Both Nvidia and ATI have been showing mainstream applications based on GPGPU technologies, but neither one has targeted the mainstream application segment yet. When we asked Nvidia CEO Jen-Hsun Huang when Cuda would go into the mainstream market, he told us that such a move would depend on Microsoft and their efforts to provide a Windows interface for GPGPUs.
It appears that Nvidia is shifting its enterprise-only strategy and is turning its focus on a mainstream opportunity as well. In a contest announced today, the company looks for the "most talented CUDA programmers in the world". Nvidia will provide a "partially GPU-optimized version of an MP3 LAME encoder" and asks developers to "optimize [the software] to run as fast as possible on a Cuda-enabled GPU." The encoder has to be created in the CUDA programming environment and must achieve a speed up in run-time.

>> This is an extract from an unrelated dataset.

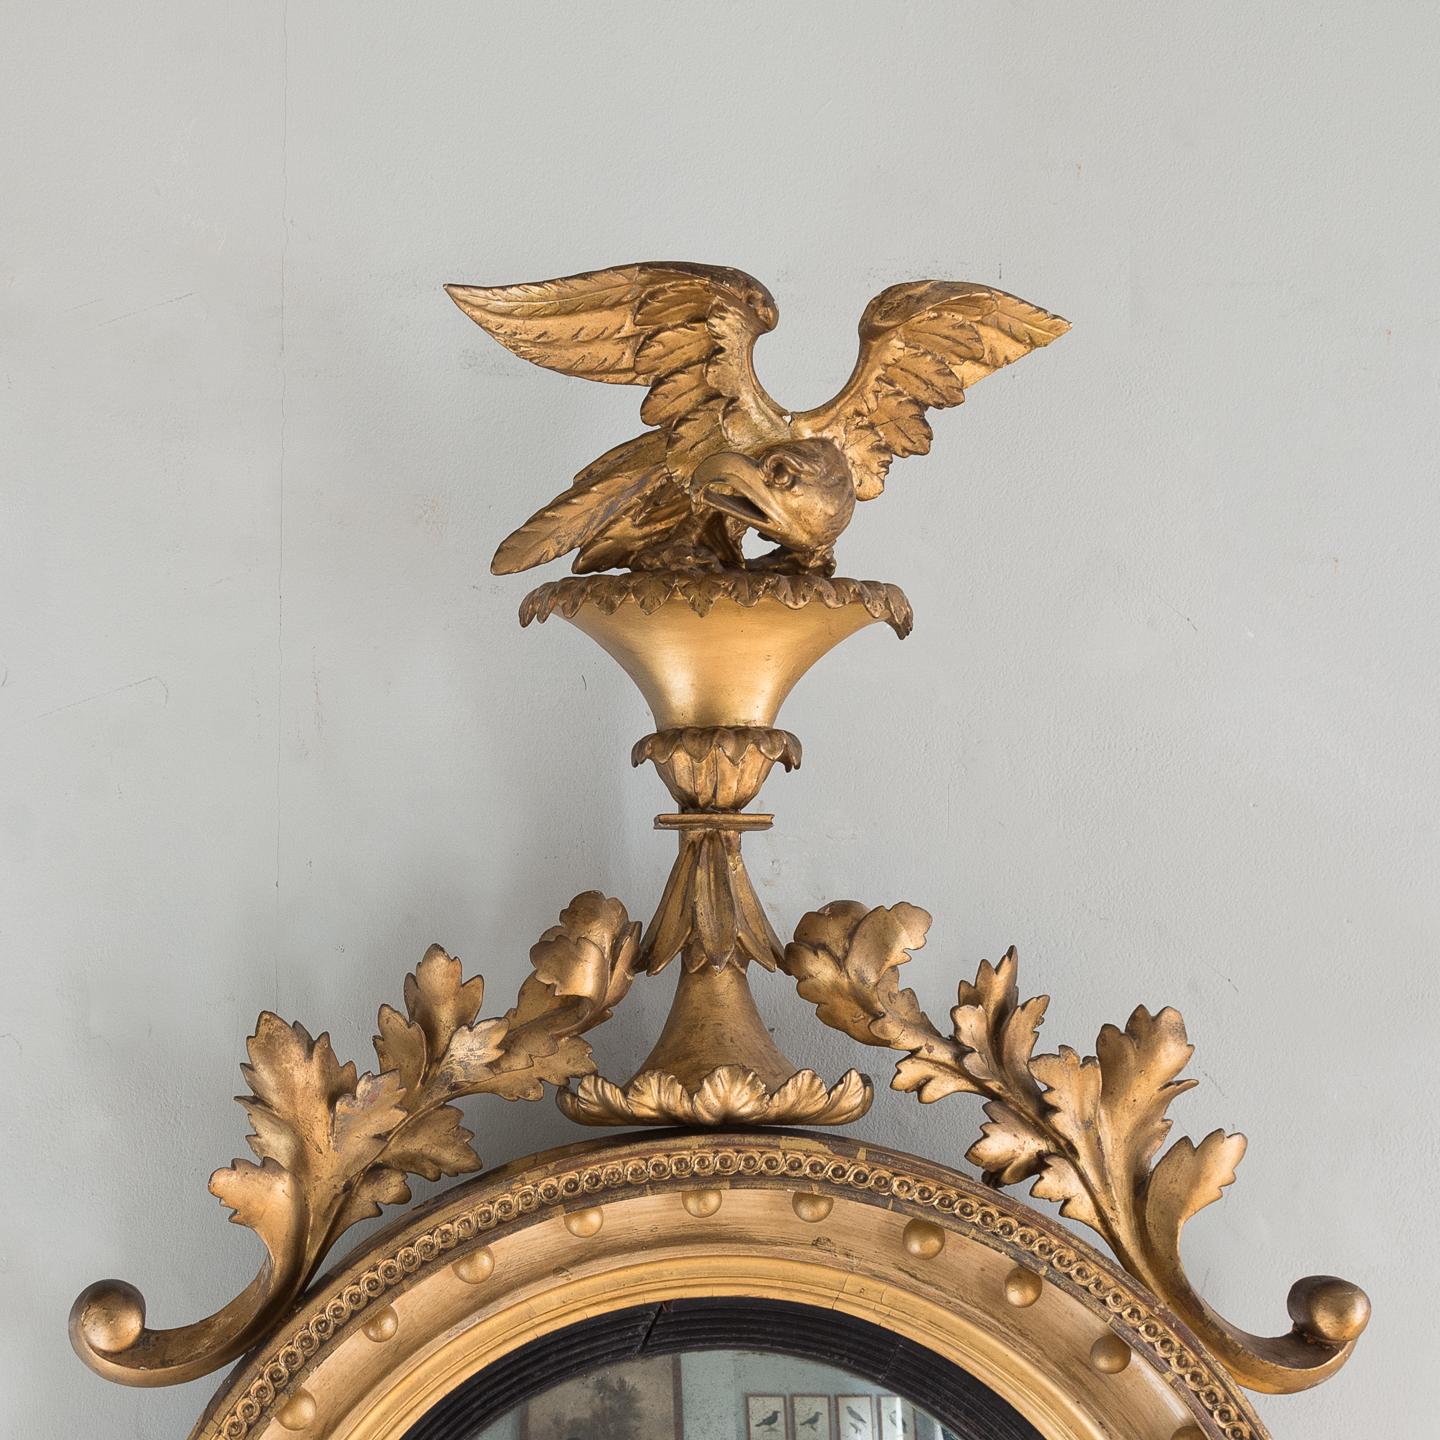 Miroir convexe en bois doré Regency, anglais, vers 1825, avec un aigle bien sculpté sur un affleurement rocheux au-dessus de feuilles et de rinceaux entrelacés menant à un cadre circulaire détaillé comprenant un décor de boules en bois doré, un

So, the challenge in this contest is not to port a mainstream application to CUDA, but rather optimize it to squeeze as many gigaflops out of the GPU as possible. That challenge may sound easier than it really is, as we were told before by researchers at University of Illinois’ Beckman Institute and the National Center for Supercomputing Applications that getting an application to run on a GPGPU is the simple task, while accelerating it takes up most of the time - and knowledge.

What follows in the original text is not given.